Pero con el varón adecuado; quizá por eso nunca antes se había sentido inclinada a explorar en esa dirección. Barnaby Adair era diferente; para ella, diferente en muchos sentidos. No pensaba que fuese débil o poco inteligente, ni siquiera menos inteligente que ella; y sentía una secreta excitación ante su tamaño en comparación con el suyo. Él era mucho más grande, duro y fuerte. Sin embargo, parecían encajar no sólo en la intimidad sino también en otros aspectos, se había acostumbrado a tenerle cerca, cual muro de masculinidad, acechando junto a ella.

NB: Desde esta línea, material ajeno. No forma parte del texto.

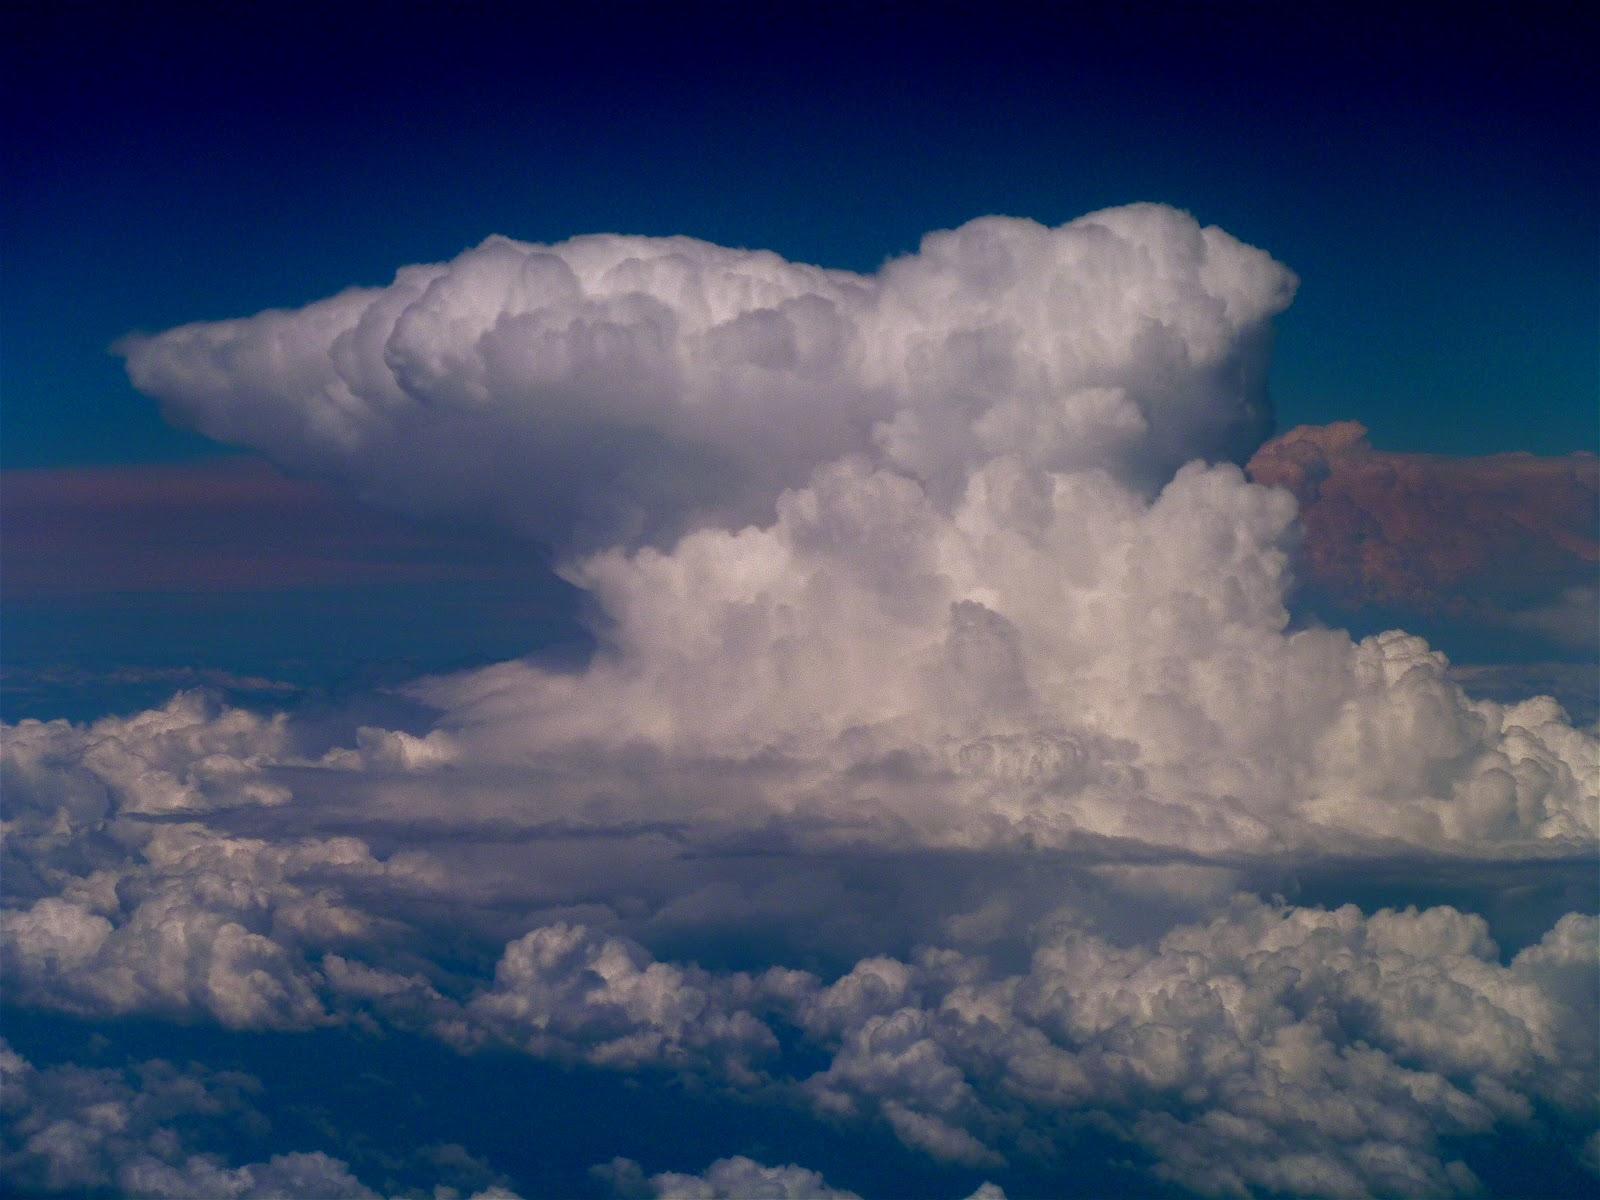 Cumulonimbus incus clouds, or in other words, a Cumulonimbus cloud ...

Lo cual constituía toda una novedad, habida cuenta de su reacción habitual ante los hombres altos y acechantes.

– No deja de ser sorprendente, si lo piensas. -La voz de Barnaby, relajada y profunda, flotaba junto a su oído; Penelope sintió que hablaba tanto para ella como para él. -Me refiero a que nos entendamos tan bien. -Juntó los dedos sobre su seno. -Y no sólo en la cama, también en sociedad e incluso en nuestra investigación.

Hizo una pausa y luego prosiguió en tono reflexivo.

– Lo cierto es que me gusta hablar contigo, y eso, debo confesarlo, no es lo normal. No te limitas a pensar en modas, bodas o bebés; tampoco es que suponga que no piensas nunca en esas cosas, pero no te sientes obligada a comentar esos asuntos conmigo, y en cambio tienes otras ideas, otros preocupaciones que yo puedo compartir.

Penelope miraba la habitación sin verla, consciente no sólo del calor del cuerpo de Barnaby acunando el suyo, de su mano acariciándole sin darse cuenta el seno, sino también de otro calor que emanaba de sus pensamientos compartidos, de su empeño compartido.